A new method for producing such fields, which is currently being adopted in radiation oncology departments in Australia (including Brisbane), is to fit a micro-multileaf collimator (MMLC) to a photon-beam linear accelerator and use this to perform stereotactic radiosurgery. The use of such a novel technique to treat such an important and sensitive organ requires rigorous prior analysis and verification. However, available dose monitoring apparatus are physically limited in the precision with which they can measure small fields. This has restricted the ability of clinical treatments to achieve the theoretical capabilities of the MMLC.

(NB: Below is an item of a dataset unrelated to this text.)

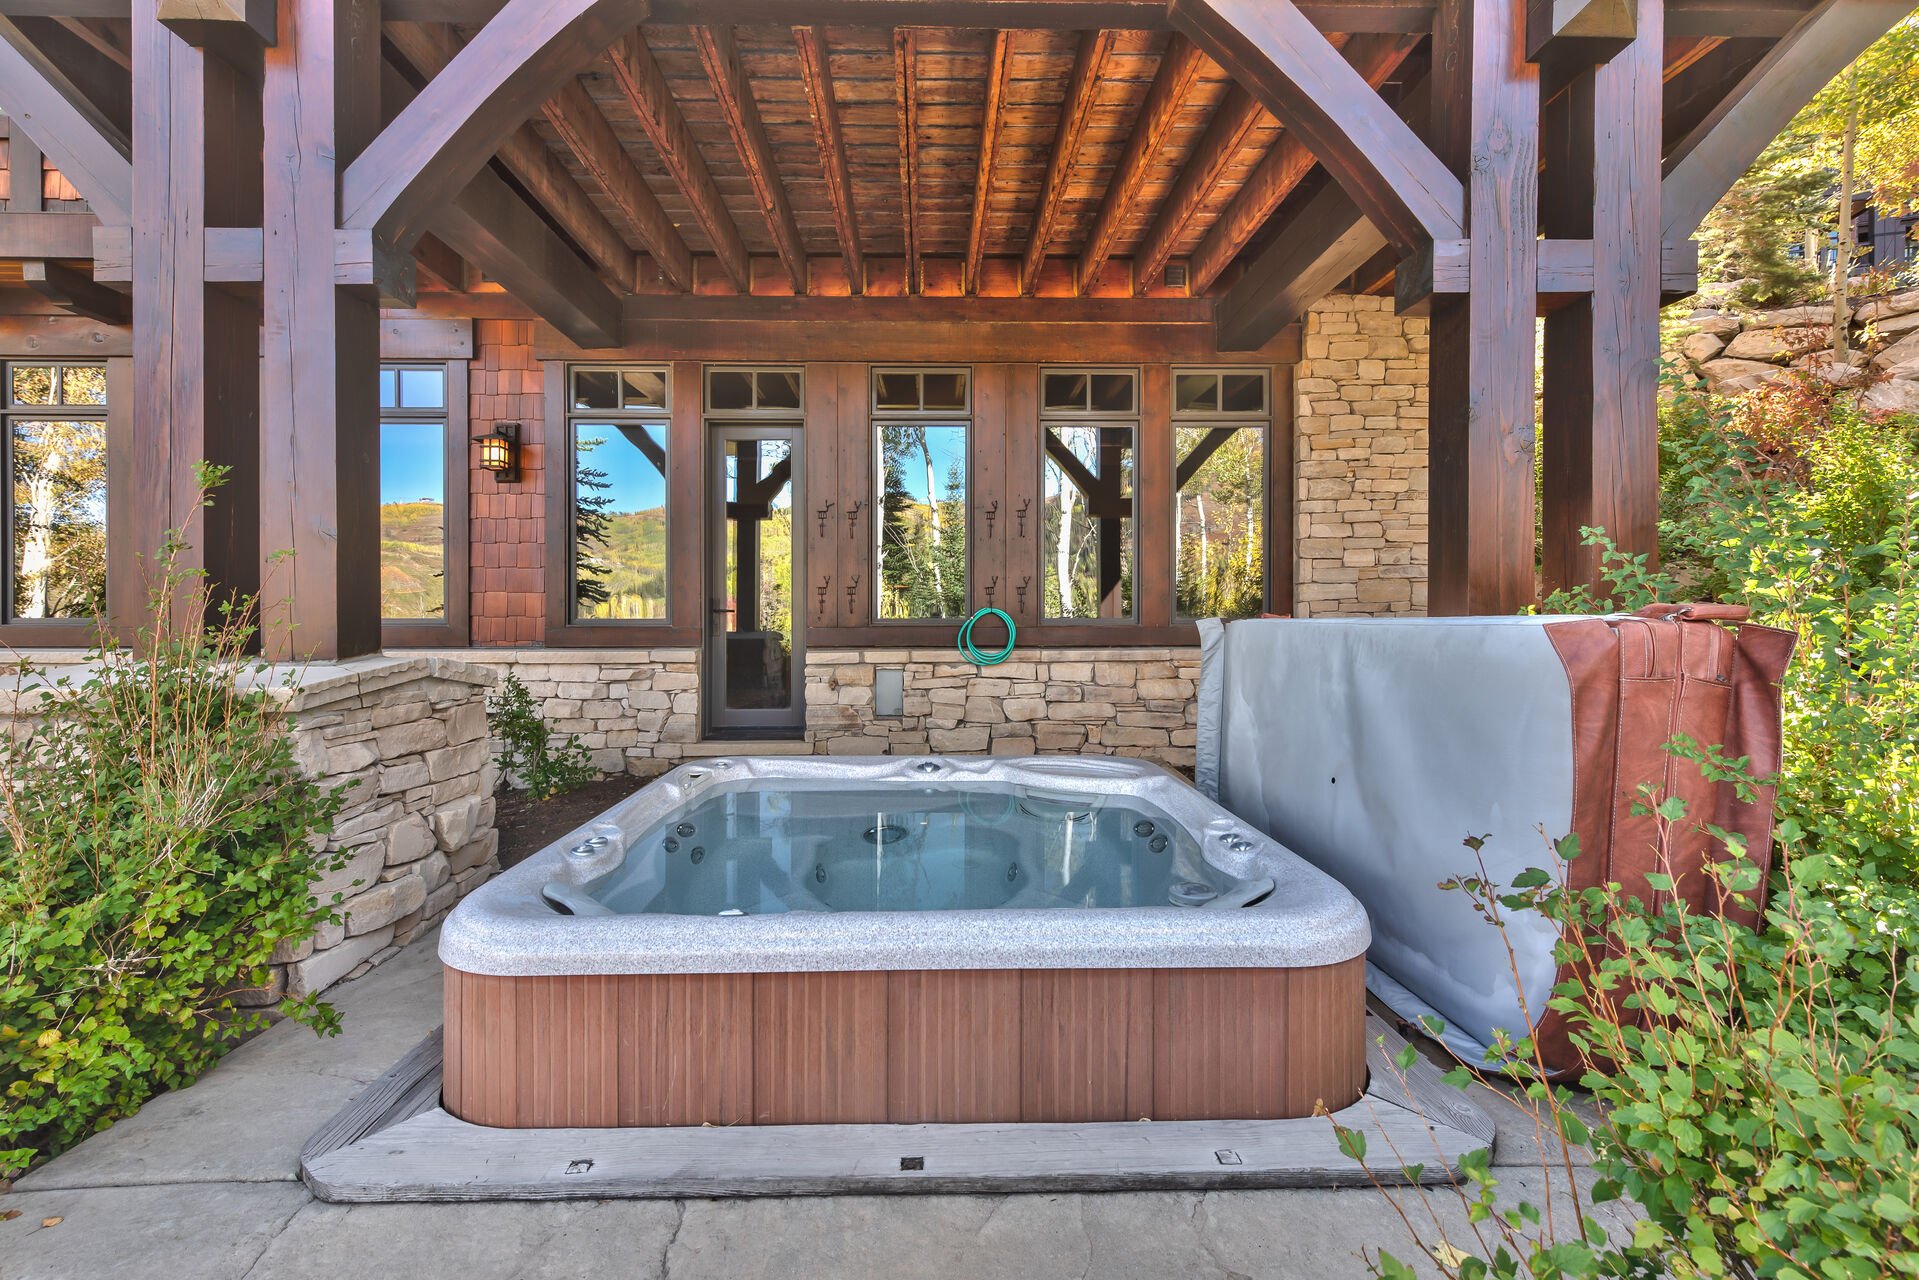 6-Person Hot Tub on Back Patio

This project, therefore, aims to develop computer simulations of MMLC radiotherapy fields as a means to evaluate the dose delivered in current treatments and test the effects of potential new treatments in a virtual environment. Specifically, this project aims to develop an accurate Monte Carlo computer simulation of the radiotherapy x-ray fields from a Varian linear accelerator collimated by the BrainLab m3 MMLC, which can be combined with patient CT data to calculate the dose delivered in a given treatment. The calculated data will then be used to:

  • Quantify the degree to which existing stereotactic radiosurgical treatments are adhering to their treatment prescriptions;
  • Independently verify the doses predicted in treatment planning calculations;
  • Investigate the potential for improving existing stereotactic radiosurgical treatments or applying the equipment to currently untreatable pathologies; and
  • Retrospectively investigate the causes of adverse outcomes by evaluating the radiation doses actually delivered in stereotactic radiotherapy treatments.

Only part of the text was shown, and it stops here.